Navigating IR35: Preventing Double Taxation on Dividend Income

January 25, 2024

The application of IR35 (off-payroll) rules to income derived through a company can lead to a double tax charge, particularly when extracting income as dividends. Understanding the implications and taking proactive measures is crucial to avoid unnecessary financial burdens.

PAYE Tax and NI Under IR35

When the IR35 and off-payroll rules apply, income from services provided through an intermediary, such as a company, is treated as if it were derived from employment. This triggers the deduction of PAYE tax and National Insurance (NI). While the income is considered as earnings, it also becomes taxable income for the intermediary, leading to potential double taxation.

The Double Tax Trap

The double accounting scenario arises when PAYE tax and NI are deducted under IR35 rules, and the same income is later paid out as dividends. This can result in paying tax twice on the same earnings, creating a financial challenge for individuals and their companies.

Mitigating the Issue

Example Scenario:Arnie operates as a consultant through his company, Acom Ltd. The IR35 rules apply, prompting the deduction of PAYE tax and NI on the income. In a financial year where Acom's income was £95,000, Arnie took £9,000 as salary and £50,000 as dividends. The challenge lies in the separate income tax charge on the dividend income, despite the deduction of PAYE tax.

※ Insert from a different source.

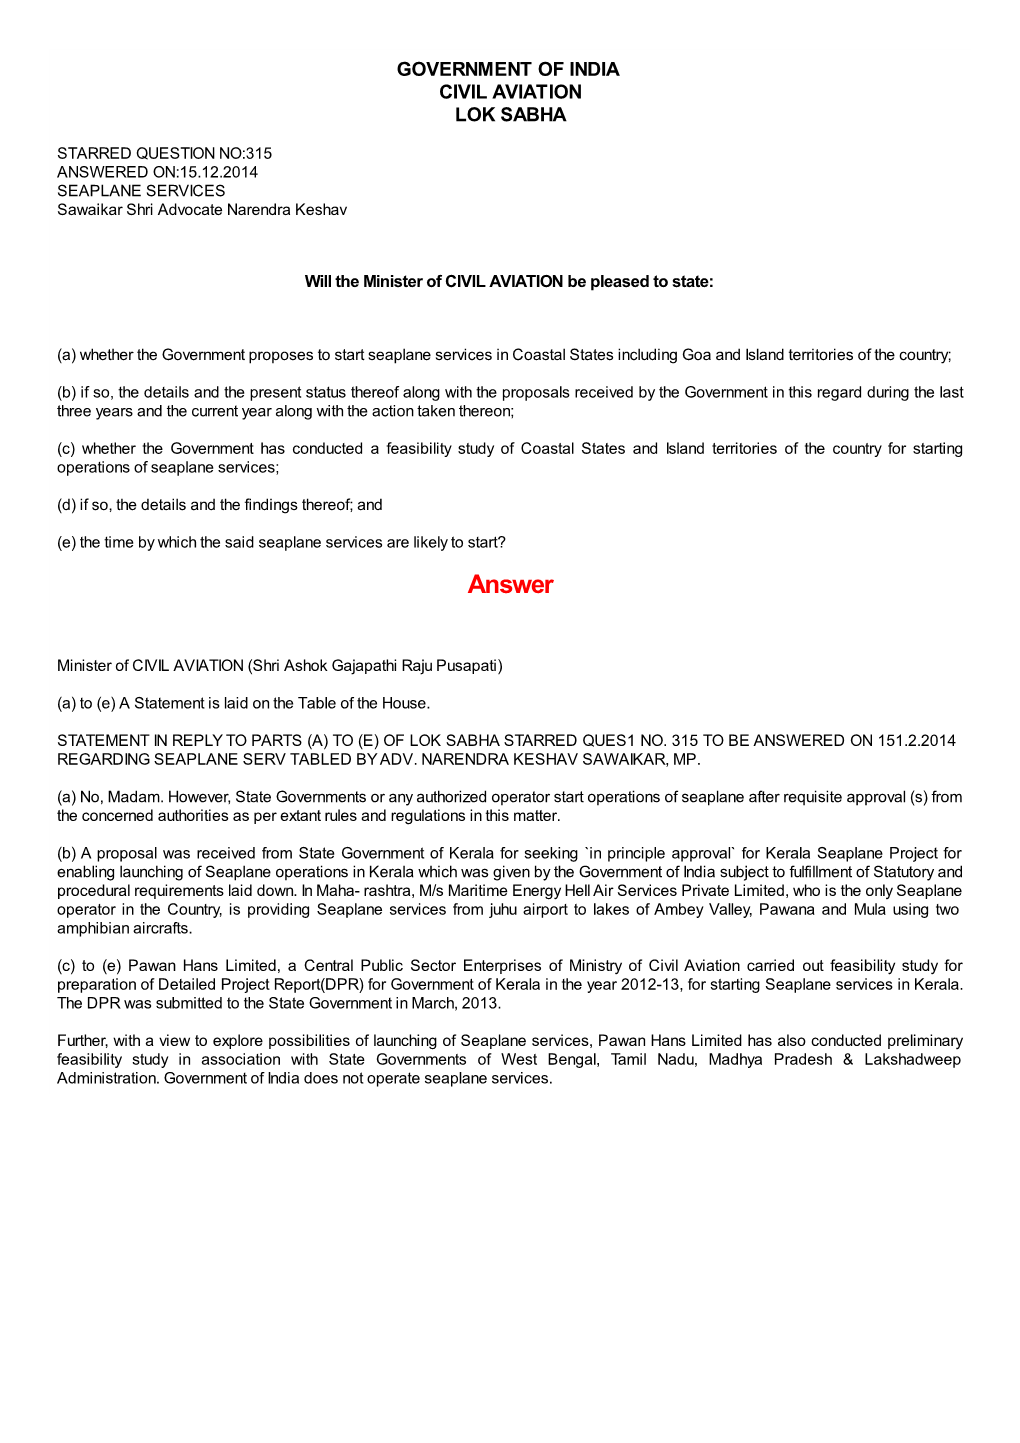 ANSWERED ON:15.12.2014 SEAPLANE SERVICES Sawaikar Shri Advocate Narendra Keshav

Proactive Measures:To prevent the double tax charge, individuals like Arnie can claim a special deduction through their self-assessment tax return or make a standalone claim. This special deduction reduces the amount of dividends subject to tax, offering relief for the income previously accounted for under IR35 rules.

Considerations for the Company

While the individual addresses the personal tax implications, the company's position must also be considered. Companies can deduct salaries for corporation tax (CT) purposes, but dividends are not deductible. In Arnie's case, Acom's £95,000 income had effectively been taxed as salary, but only the £9,000 salary is deductible for CT under normal rules.

CT Relief Measures:To obtain full CT relief for the £95,000 income, Acom must submit a special claim with its self-assessment return to HMRC. This ensures that the company's CT position aligns with the tax treatment of salaries and dividends.

Navigating the Double Tax Challenge

Addressing the double income tax charge requires a two-pronged approach: the individual must claim relief for dividend taxation, and the company should seek CT relief through a special claim. Proactive measures, clear understanding of tax implications, and timely claims are essential to navigate the complexities of IR35 rules and prevent unnecessary financial burdens.